Convenor of the New Party National Committee
- In office January 1999 – March 2000
- Preceded by: Chen Kuei-miao Feng Ting-kuo (acting)
- Succeeded by: Hau Lung-pin

Personal details
- Born: 3 December 1948 (age 77) Hangzhou, Republic of China
- Party: Kuomintang (until 1993; since 2005) New Party (1993–2000) People First Party (2000–2005)
- Relations: Diane Lee (sister)
- Parent: Lee Huan (father)
- Education: National Chengchi University (LLB) New York University (PhD)

= Lee Ching-hua =

Taiwanese historian and politician

Lee Ching-hua (李慶華 (Lǐ Qìnghuá); born 3 December 1948) is a Taiwanese historian, lawyer, and politician.

==Early life and education==
Lee Ching-hua was born on 3 December 1948, the second child to Lee Huan and Pan Hsiang-ning. He has one older brother, Lee Ching-chung, and two younger sisters: Lee Ching-chu and Diane Lee.

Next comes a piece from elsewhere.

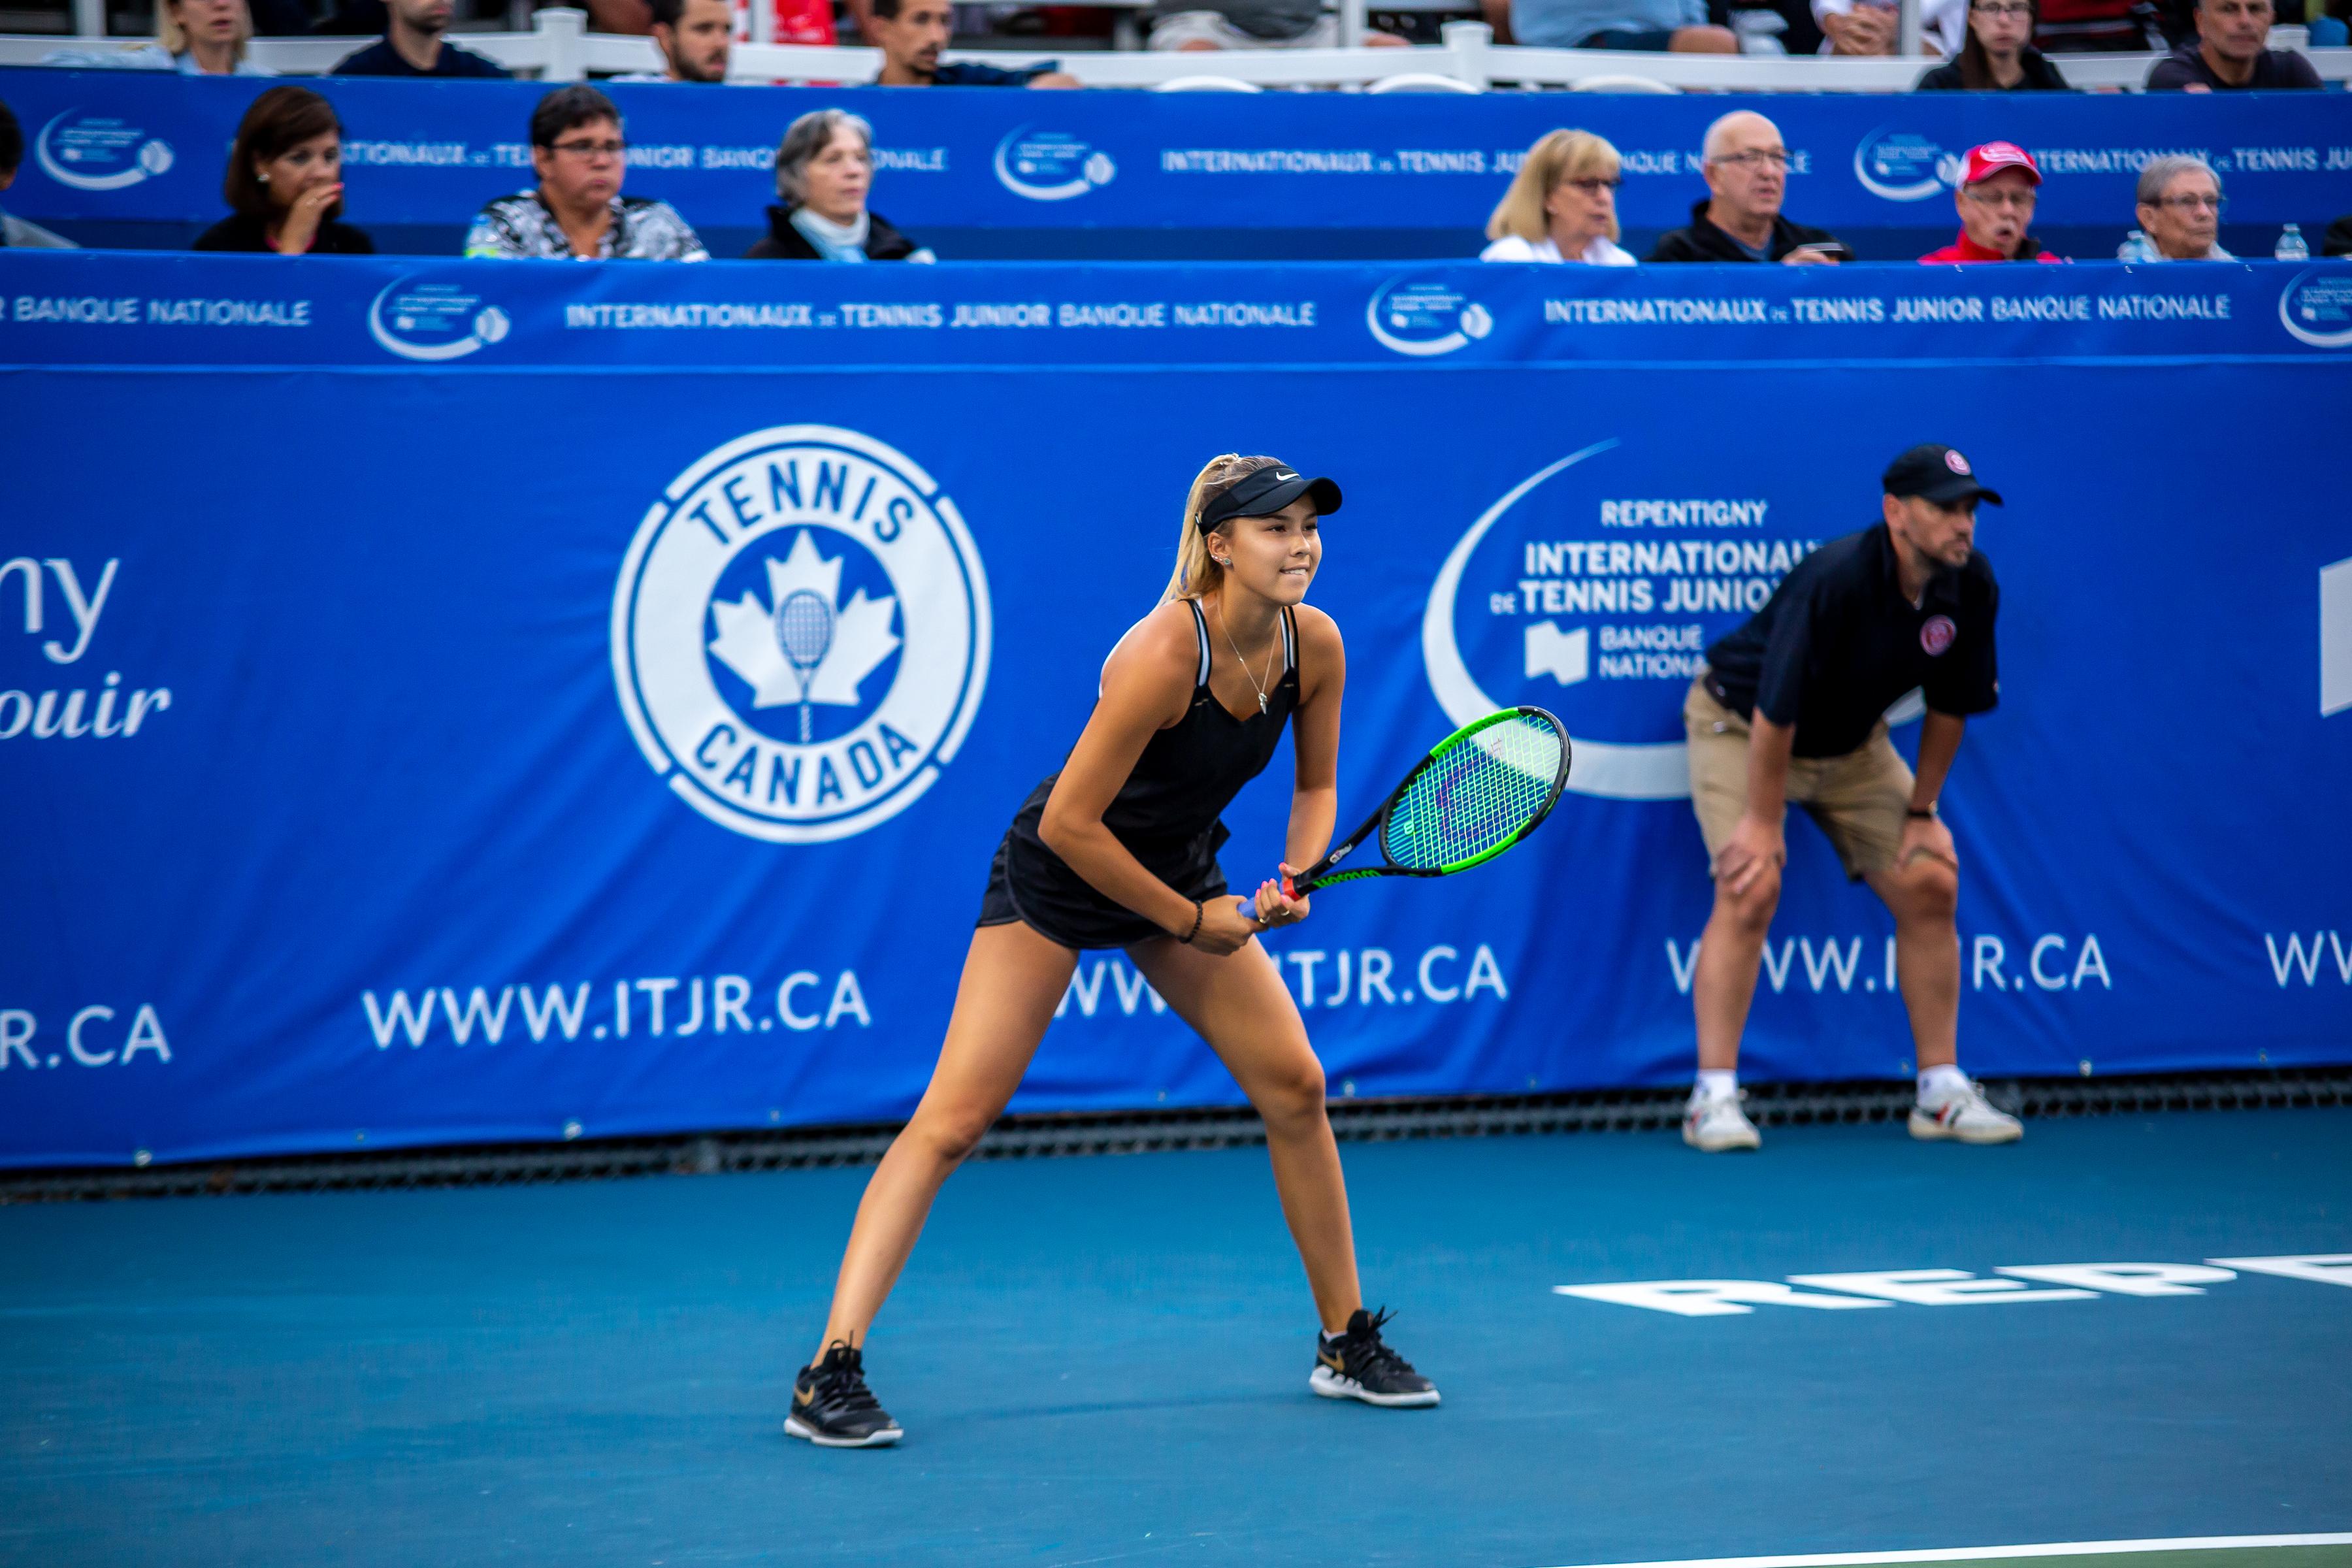 Tennis Repentigny

After high school, Lee graduated from National Chengchi University with a Bachelor of Laws (LL.B.). He then completed doctoral studies in the United States, earning his Ph.D. in history from New York University in 1984. His doctoral dissertation was titled, "Teng Hsiao-p'ing's political biography". After receiving his doctorate, Lee returned to Taiwan and became an associate professor at NCCU.

==Political career==
Lee was elected to the Legislative Yuan for the first time in 1992. He, Chen Kuei-miao, and others broke away from the Kuomintang to found the New Party the next year. He joined James Soong's People First Party in 2000 to support Soong's first presidential bid, but continued serving as the leader of the New Party's national election and development committee during the 2000 election. Lee left the PFP in May 2005 and rejoined the Kuomintang. Lee lost his legislative seat to Huang Kuo-chang of the New Power Party in 2016. The next year, Wu Den-yih named Lee a spokesman for Wu's KMT chairmanship bid.

==Controversy==
In September 2018, Lee was indicted on charges of corruption by the New Taipei City District Prosecutors’ Office, and accused of embezzling NT$5.23 million, an amount meant to pay for his legislative assistants' salaries.